12. The exercise apparatus of claim 1, further comprising an adjustable foot rest assembly that slidingly engages the deck plate.
13. The exercise apparatus of claim 1, wherein the resistance assembly includes (i) an upper securement member coupled to the bench assembly, and (ii) a resistance member removably coupled to the upper securement member, wherein said resistance member provides the resistance force on the bench assembly.
14. A exercise apparatus configured to allow a user to perform a gluteal bridge movement, the exercise apparatus comprising:
a frame assembly having (i) at least one central member, (ii) a rear member extending from a rear portion of the at least one central member, and (iii) a vertical member extending upward from one of either the at least one central member or the rear member;
a bench assembly that is pivotally connected to the vertical member to provide a pivot point about which the bench assembly pivots when the user performs the gluteal bridge movement;
a deck plate located at a front extent of the frame assembly and providing a foot rest surface for the user, wherein said pivot point is in an elevated vertical position relative to the deck plate;
a resistance assembly operably connected to both the frame assembly and the bench assembly, said resistance assembly providing a resistance force on the bench assembly that the user overcomes in order to pivotally move the bench assembly between a ready to use position and an extended position about said pivot point.

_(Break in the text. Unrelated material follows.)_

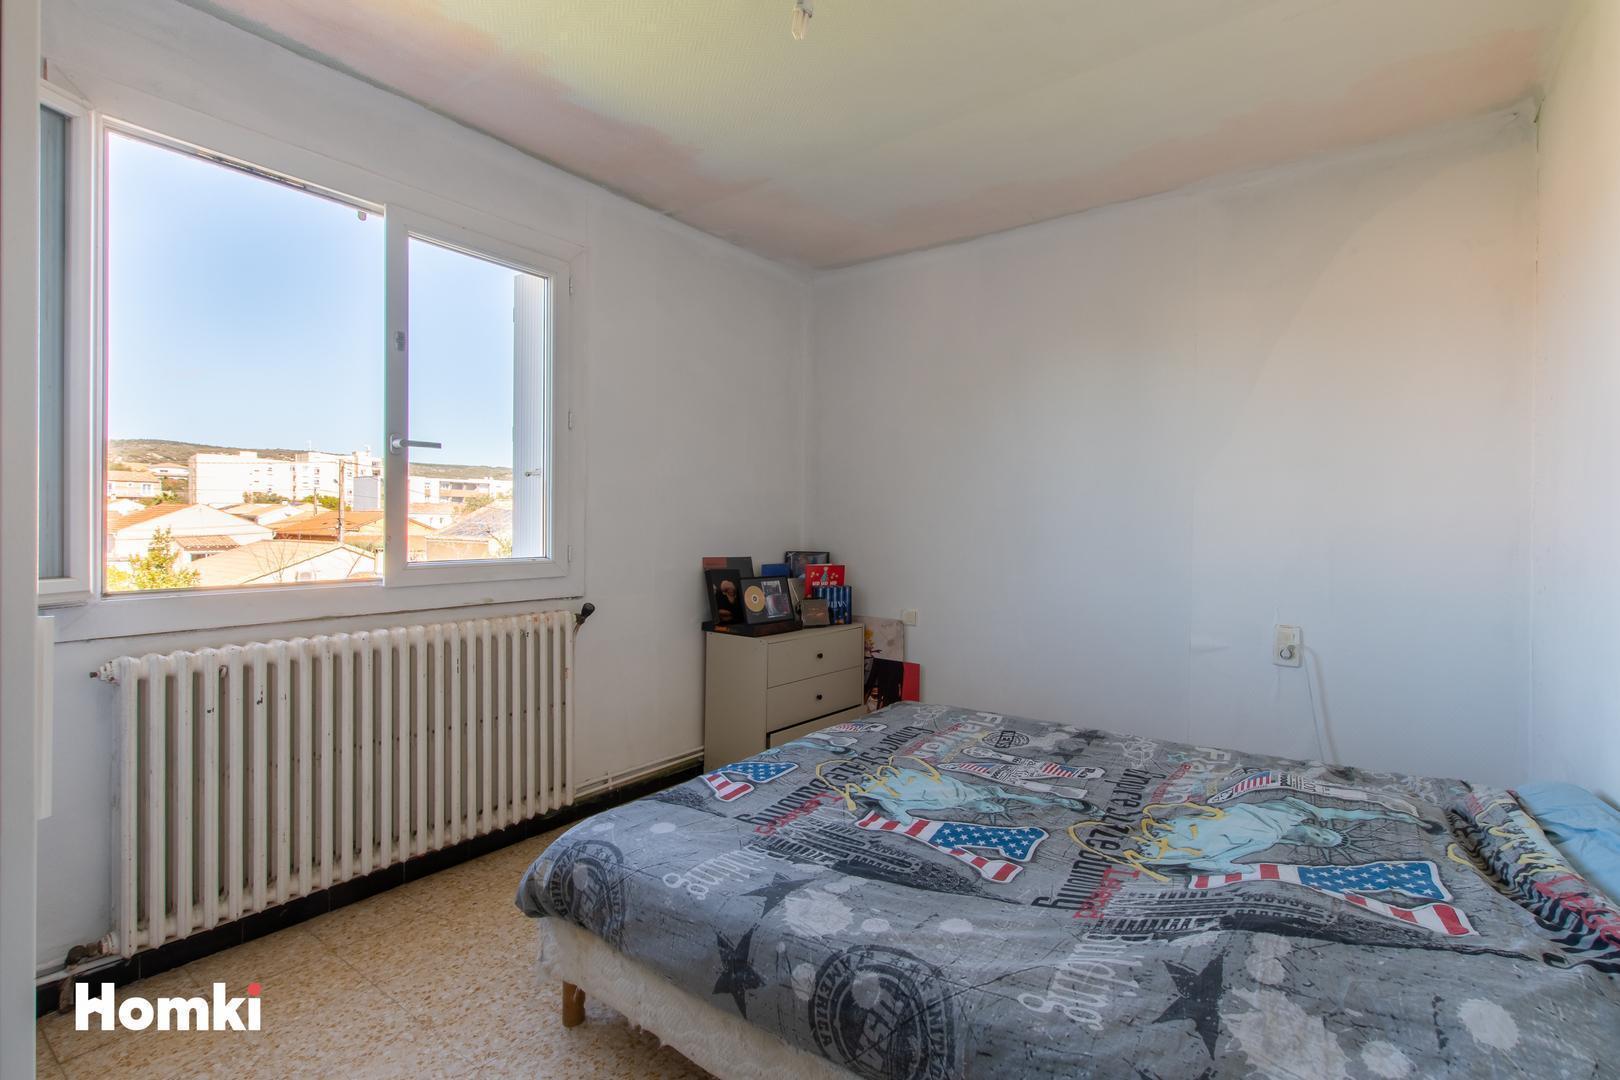 Homki - Vente Appartement  de 97.0 m² à Frontignan 34110
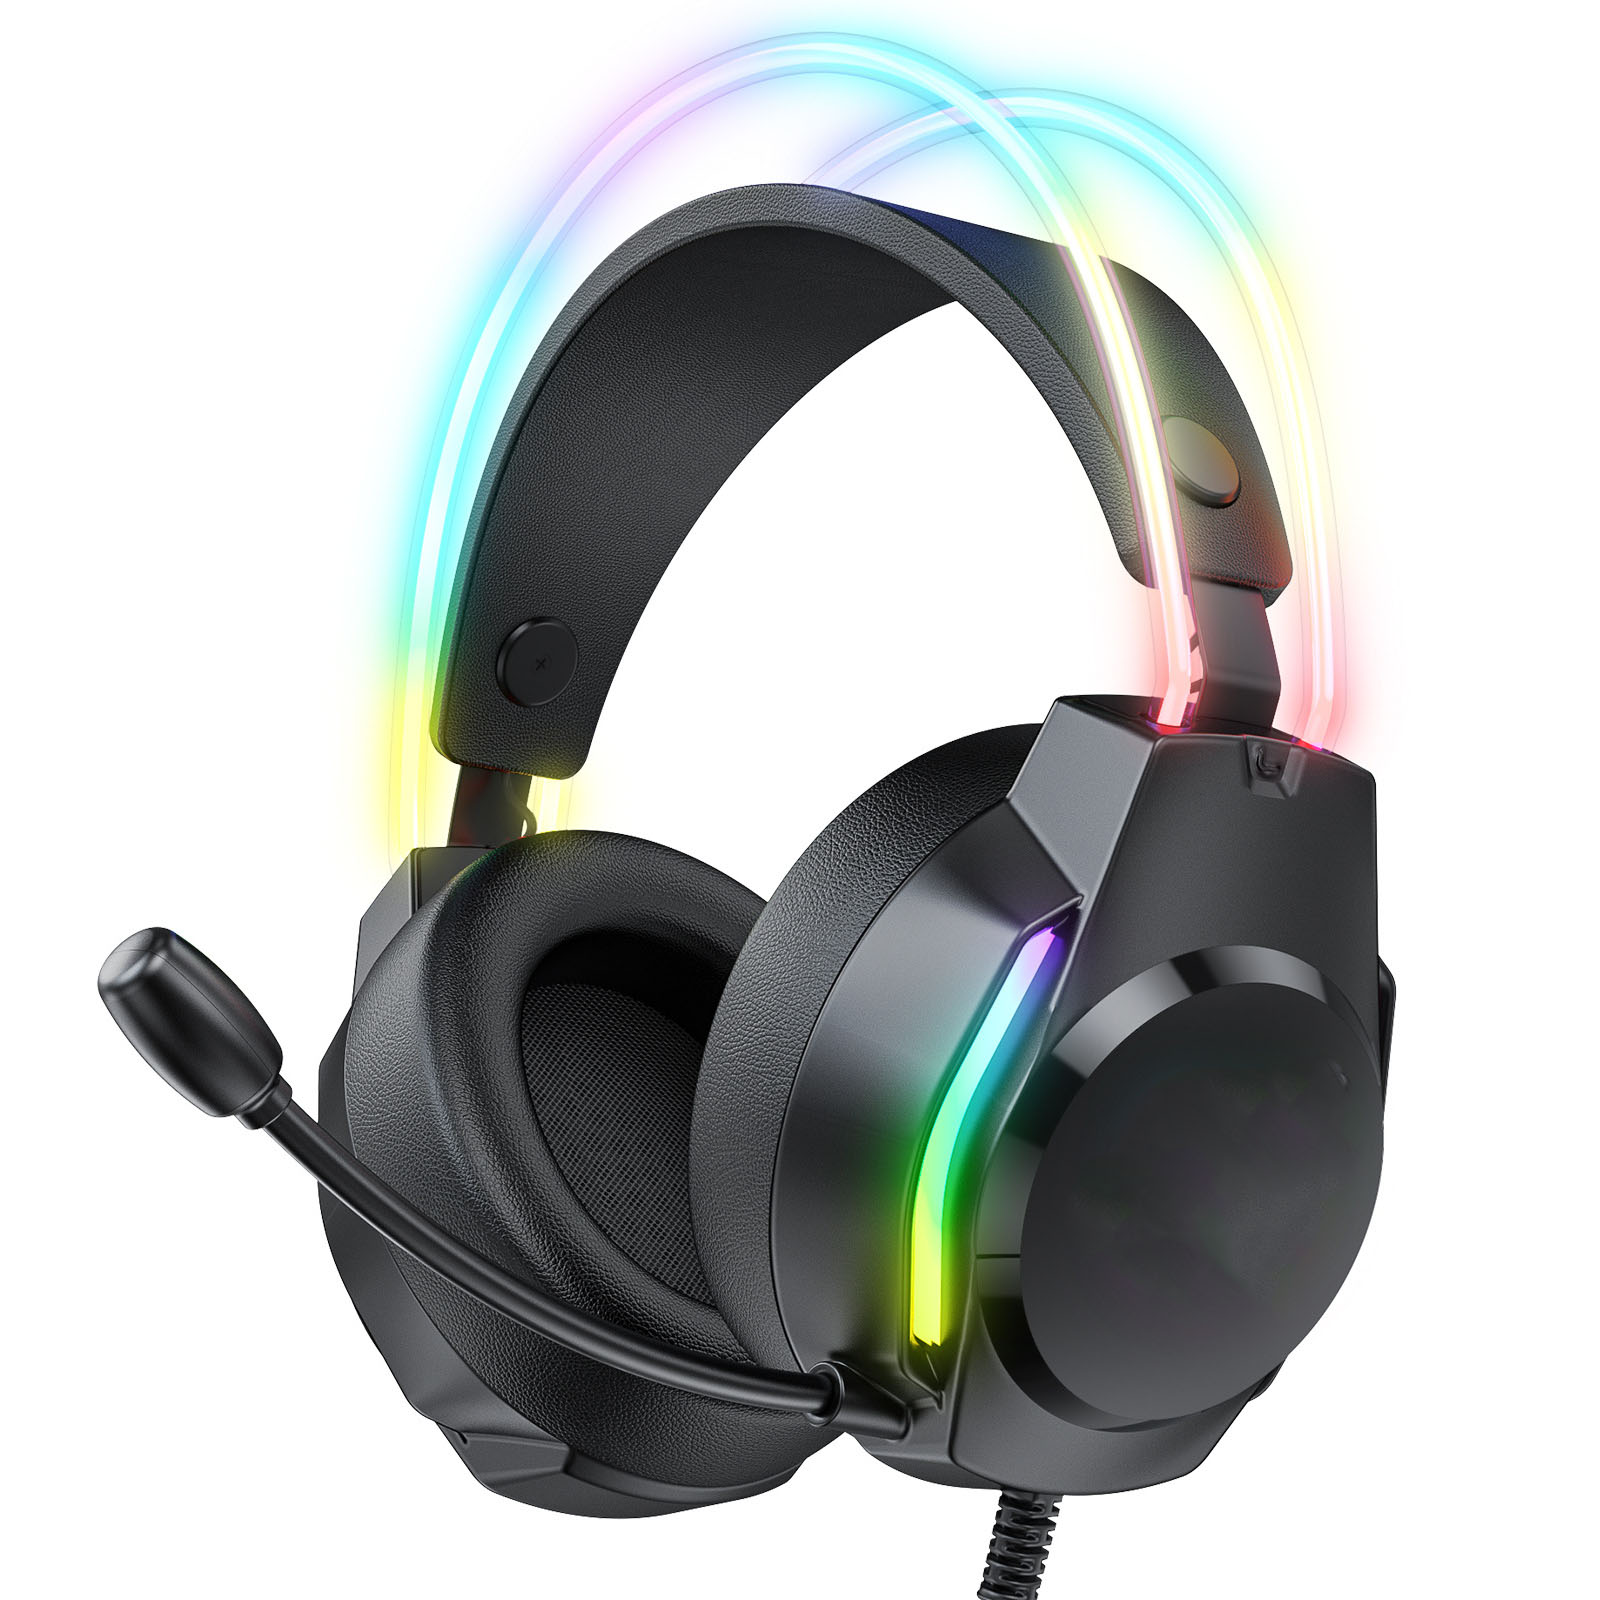 BRIGHTAKE Surround Sound Gaming Headset, Over-ear Schwarz Komfort, Mehrfachkompatibilität, Geräuschunterdrückung, Kopfhörer RGB

15. The exercise apparatus of claim 14, wherein the bench assembly is pivotally connected to the vertical member by a bearing assembly, wherein the pivot point is coincident with the bearing assembly.
16. The exercise apparatus of claim 15, wherein the bearing assembly includes a housing affixed to the bench assembly and an internal bearing set, wherein the internal bearing set receives an extent of a rod that extends from the vertical member.
17. The exercise apparatus of claim 14, wherein the resistance assembly includes (i) an upper securement member coupled to the bench assembly, and (ii) a resistance member removably coupled to the upper securement member, wherein said resistance member provides the resistance force on the bench assembly.
18. The exercise apparatus of claim 17, wherein the resistance assembly comprises a selectable weight.
19. The exercise apparatus of claim 14, wherein the bench assembly comprises a bench, a bench support frame assembly and a belt assembly, wherein the belt assembly is operably connected to the bench support frame assembly near a lower portion of the bench.
20. The exercise apparatus of claim 14, wherein the frame assembly further includes an angled member that extends between the vertical member and the at least one central member, wherein the angled member is oriented parallel to the bench assembly in the ready to use position.
21. The exercise apparatus of claim 14, wherein the bench assembly comprises a bench and a bench support frame assembly, wherein the bench underlies and supports the user's thorax in a neutral position while the user pivotally moves the bench assembly between the ready to use position and the extended position.
22. The exercise apparatus of claim 14, wherein the bench assembly comprises a bench and a bench support frame assembly, wherein the bench underlies and supports the user's lumbar, thoracic, and cervical spine in a neutral position while the user pivotally moves the bench assembly between the ready to use position and the extended position.
23. The exercise apparatus of claim 14, wherein the frame assembly and the bench assembly are arranged such that the pivot point underlies and is aligned with the user's thoracic spine while the user pivotally moves the bench between the ready to use position and the extended position.